** Opening EXERCISE DATA block **

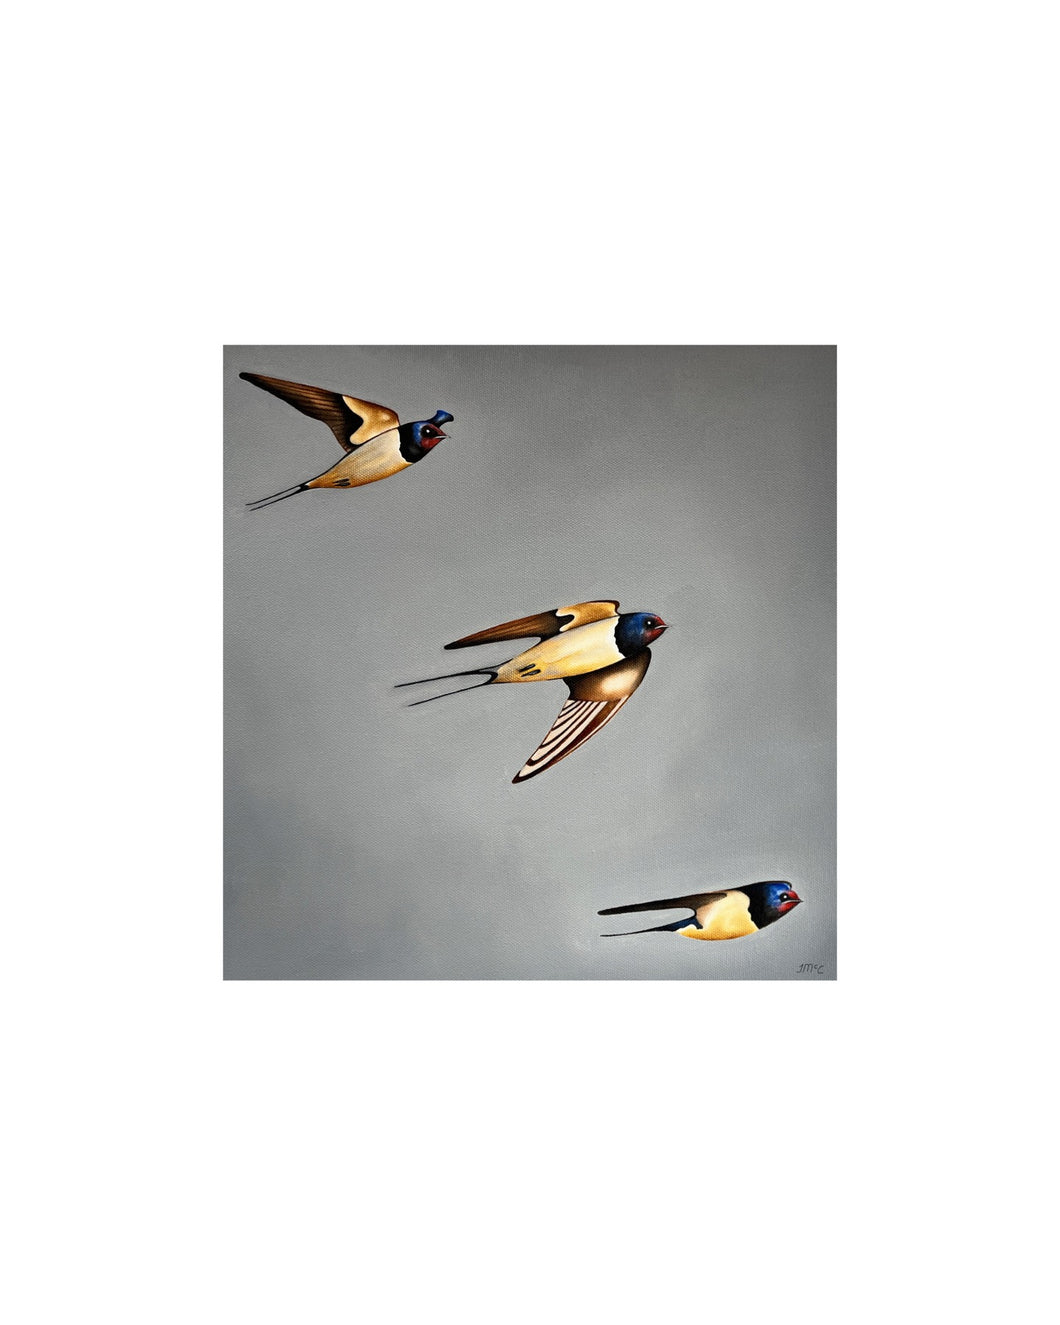 Swallows: Mid-flight
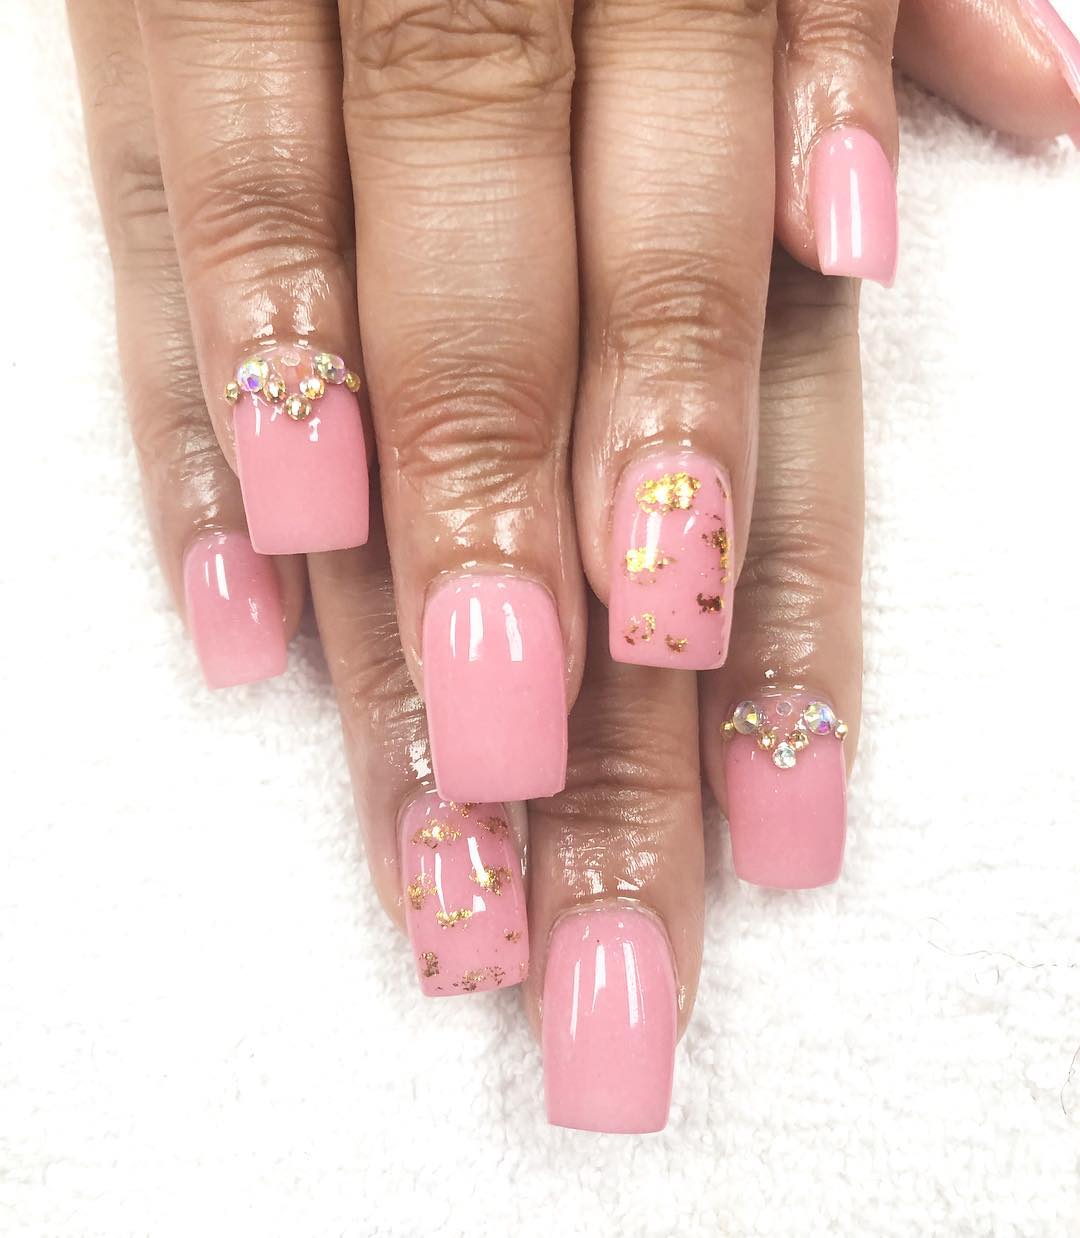 vernis poudre look rose forme carrée nouvelle tendance nail art
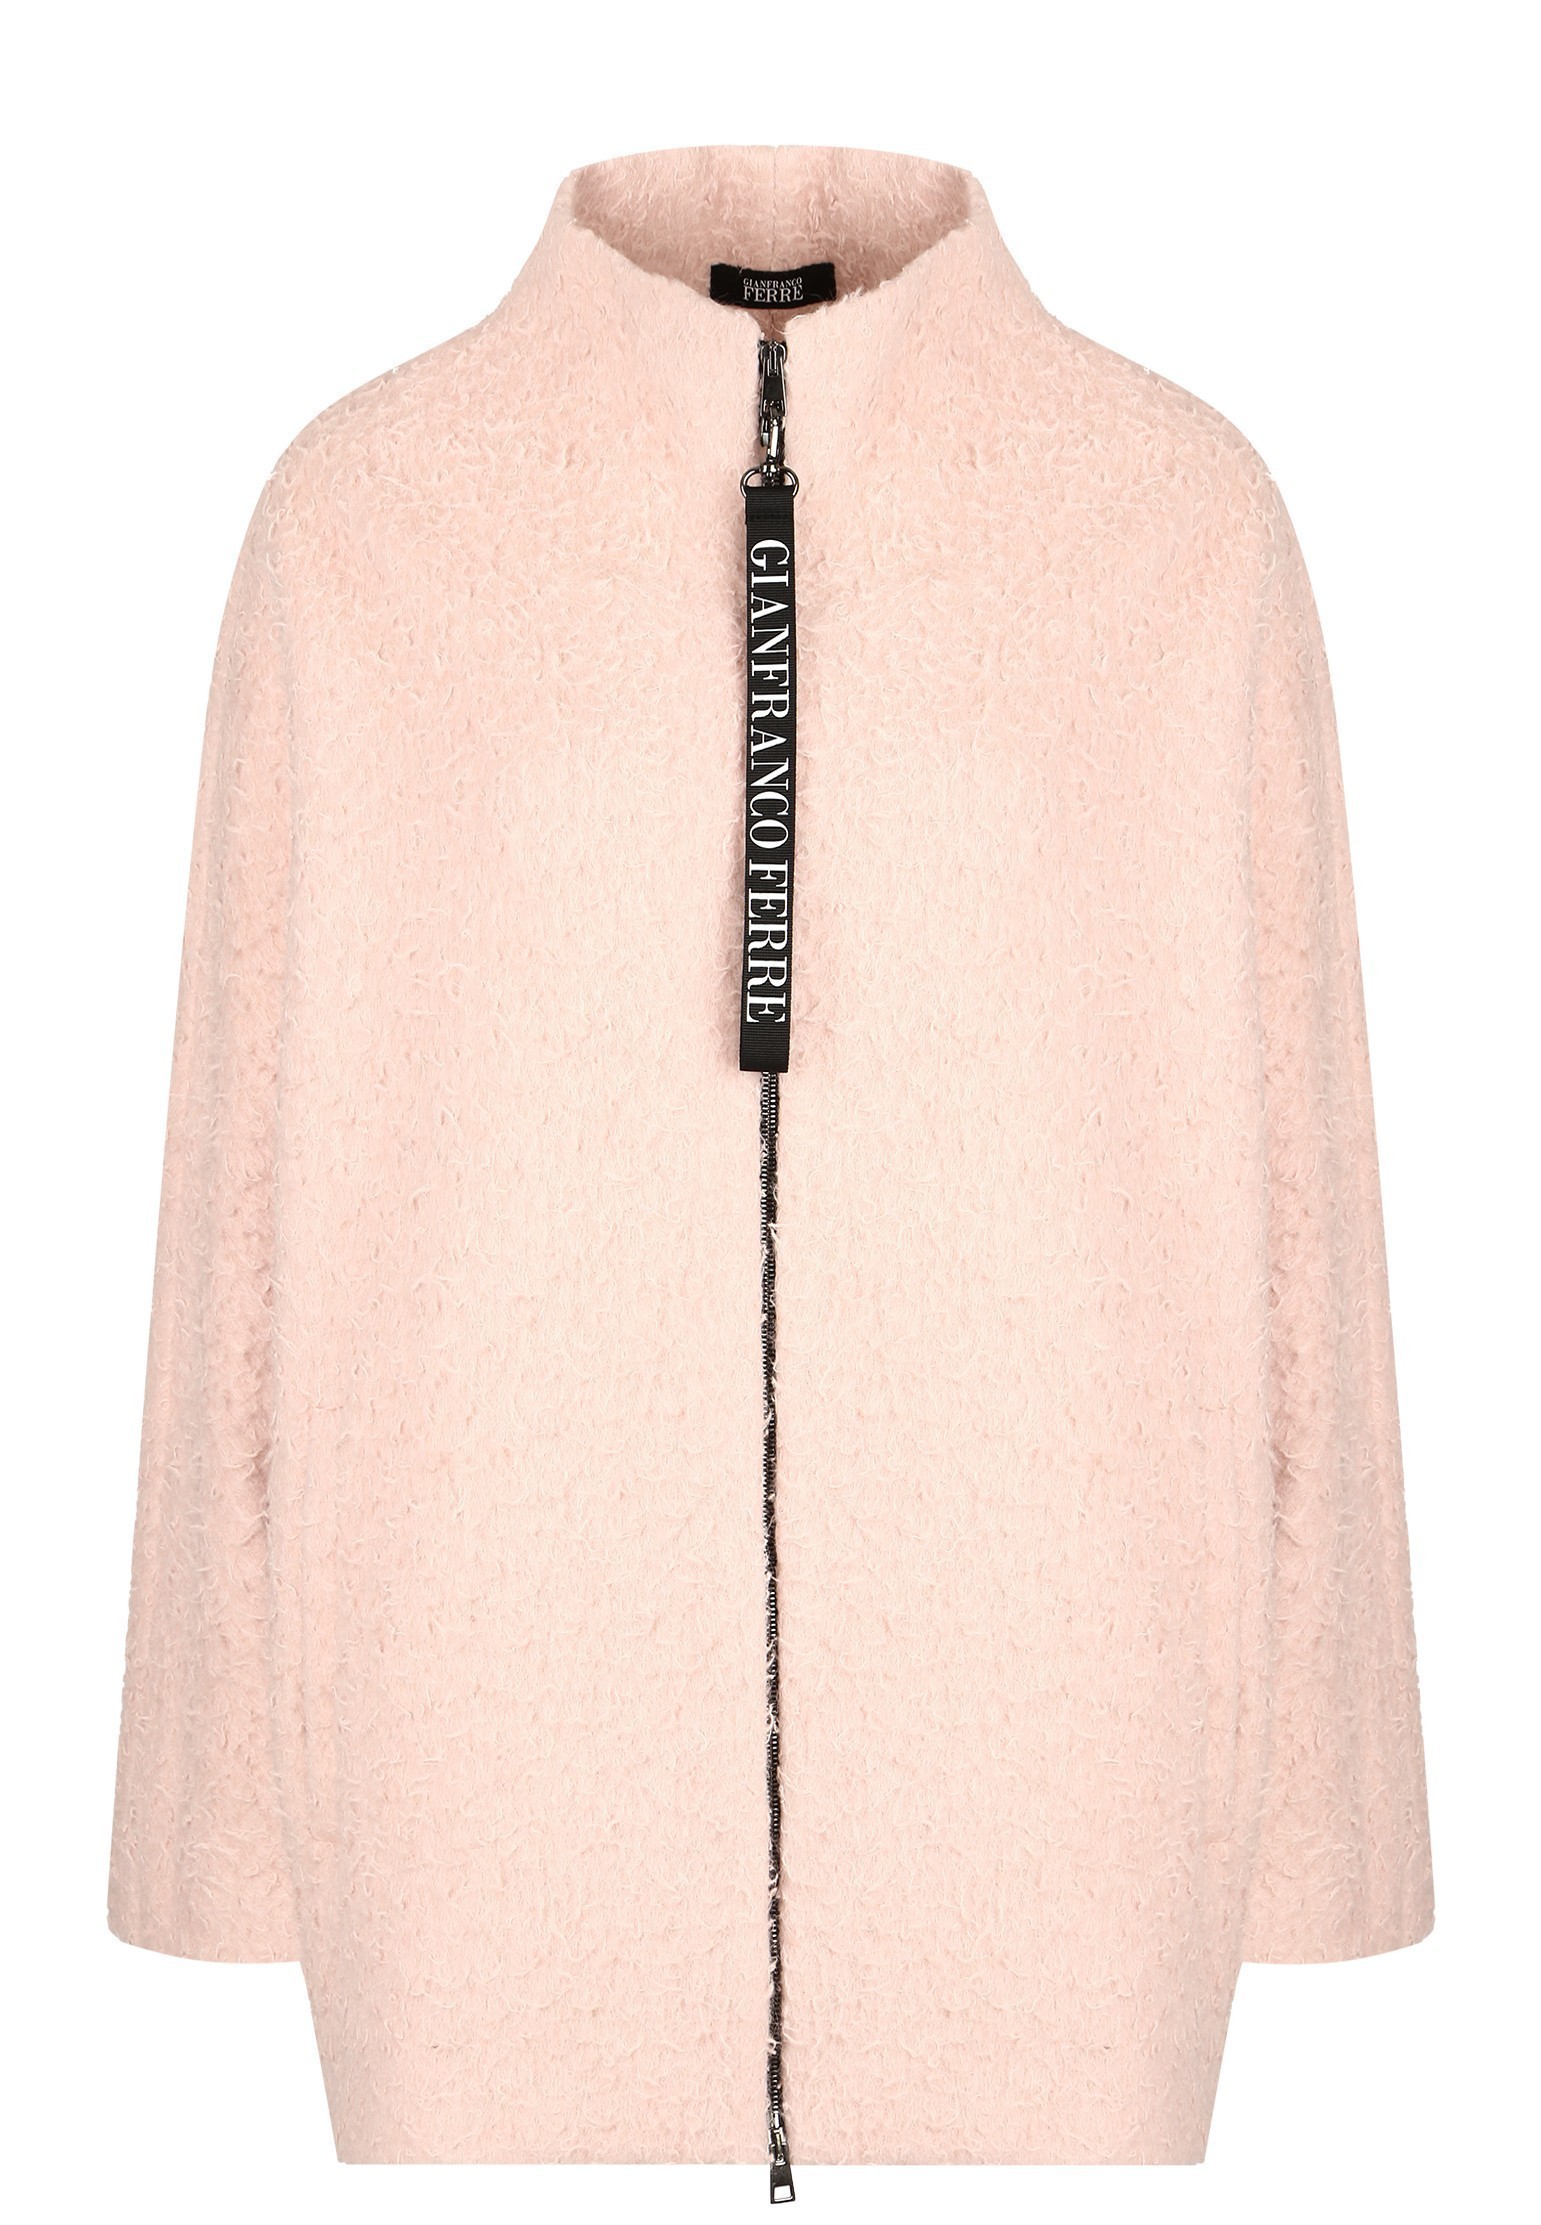 Пальто женское Gianfranco Ferre 130702 розовое 2XL
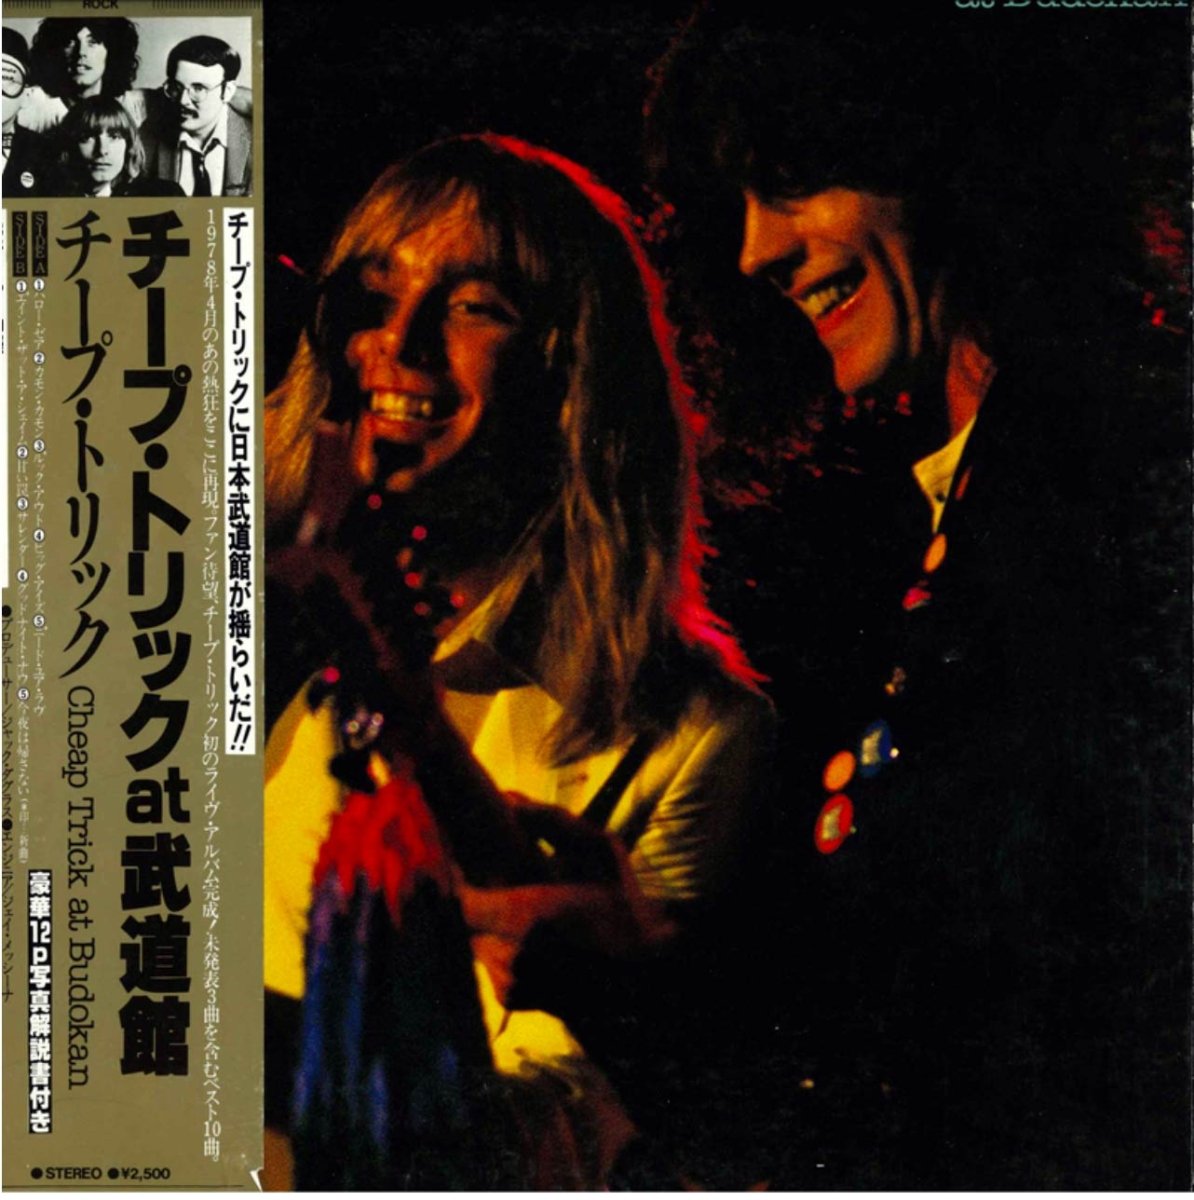 Doobie Brothers - Minute By Minute - Japanese Vintage Vinyl Cheap Trick - At Budokan- Japanese Vintage Vinyl

** Closing EXERCISE DATA block **

*WHAT YOU SHOULD DO:* If pictures appear, drop them, and retype exactly the lines from the "vernis poudre look" line through the last line of the data above.

*RESPONSE:*
 vernis poudre look rose forme carrée nouvelle tendance nail art
 Пальто женское Gianfranco Ferre 130702 розовое 2XL
 Doobie Brothers - Minute By Minute - Japanese Vintage Vinyl Cheap Trick - At Budokan- Japanese Vintage Vinyl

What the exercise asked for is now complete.